The nail patella syndrome (PNS) is a rare disease with an estimated incidence of 22 per million in contrast to the poverty of familial cases reported in the literature [3]. SNP is a dominant autosomal genetic pathology of variable expression, secondary to abnormalities of the LMXMB genes, located in 9q34, genes close to those of the ABO blood groups and the adenylcyclase, encoding a protein belonging to the family of LIM-omeodomain proteins, intervening on the morphogenesis of the limbs, on the maturation of the renal podocytes with increased synthesis of collagen type I, as well as on the morphogenesis of the structures of the anterior chamber of the eye [4]. Two allelic mutations have been suggested to coexist, one of which is responsible for the form with nephropathy and the other for the form without nephropathy [2]. Indeed, eighty to 90 percent of patients have onycho- skeletal abnormalities from birth [3]. In our patients, the nail pterygium was reported from birth as well as the confirmed orthopedic symptomatology radiological exploration very rich in our first observation [3]. In the SNP, renal involvement was observed in half of the cases in both men and women. In our family there were no kidney abnormalities either in the father or in his daughter. There is no ocular anomaly.
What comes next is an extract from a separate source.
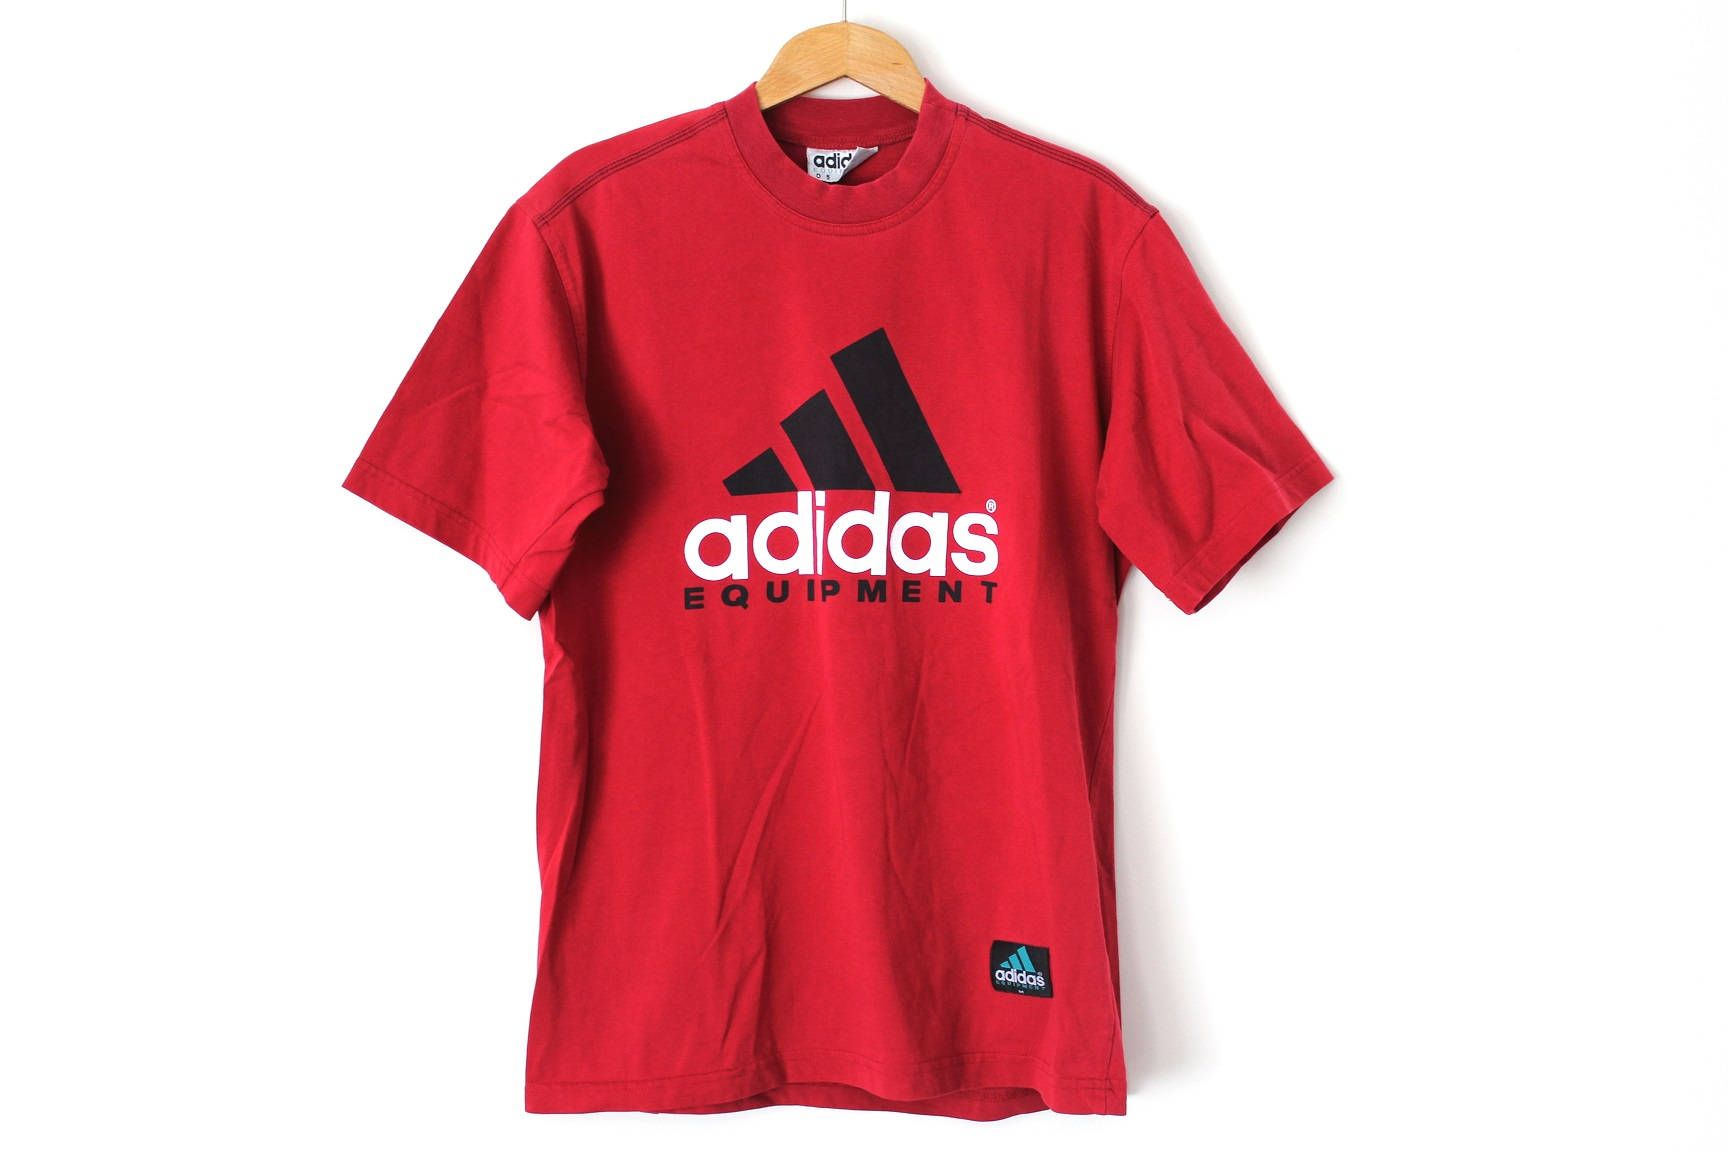 Vintage Adidas Equipment T Shirt Red Shirt Short Sleeve Tshirt Sportswear Top Activewear Big Logo Size M Vintage Adidas Shirts Adidas Sportswear [ 1152 x 1728 Pixel ]

The observations reported in this family are characterized by the predominance of onycho-skeletal involvement. This supports the hypothesis of non-responsible allelic mutation of renal involvement. Frohlich SJ, et al mentioned the existence of a new type of pediatric nephropathy where nail and bone involvement is absent [6]. By referring to this entity, we can only reinforce the suggestion that the mutation on this or that allele would be responsible for kidney damage or not [1, 5, 6, 7].

Conclusion

In the near future, the development of diagnostic tools, in particular immuno-histochemical and geni-genetic, will determine the risk of developing renal damage. Indeed, it has been observed that collagen fibrils have been constantly present in the heart of the SNP and are also observed in patients whose renal involvement is not clinically detectable. At present, prenatal diagnosis is possible because the mutant gene is detected and can be done by amniocentesis, and this prenatal diagnosis allows for genetic counseling.

References

  1. Avermaete A, Altmeyer P, Bacharach-Buhles M (2001) Skin changes in dialysis patients: a review. Nephrol Dial Transplant 16(12): 2293-2296.
  2. Meyrier A, Rizzo R, Gubler MC (1990) The nail-patella syndrome. A review. J Nephrol 2: 133-140.
  3. Guidera KJ, Satterwhite Y, Ogden JA, Pugh L, Ganey T (1991) Nail Patella Syndrome: A Review of 44 Orthopaedic Patients. J Pediatr Orthop 11(6): 737- 742.
  4. Lucas GL, Opitz JM (1966) The nail-patella syndrome. Clinical and genetic aspects of 5 kindreds with 38 affected family members. J Pediatr 68: 273-288.
  5. Cohen AH, Adler SG (1994) Nail Patella Syndrome. In: Tisher CC, Brenner BM (Eds.), Renal pathology with clinical and functional correlations. Lippincott, Philadelphia.
  6. Frohlich SJ (2002) Ophthalmology 99: 281.
  7. Gubler MC, Dommergues JP, Foulard M, Bensman A, Leroy JP, et al. (1993) Collagene type III glomerulopathy: A new type of hereditary nephropathy. Pediatr Nephrol 7(4): 354-360.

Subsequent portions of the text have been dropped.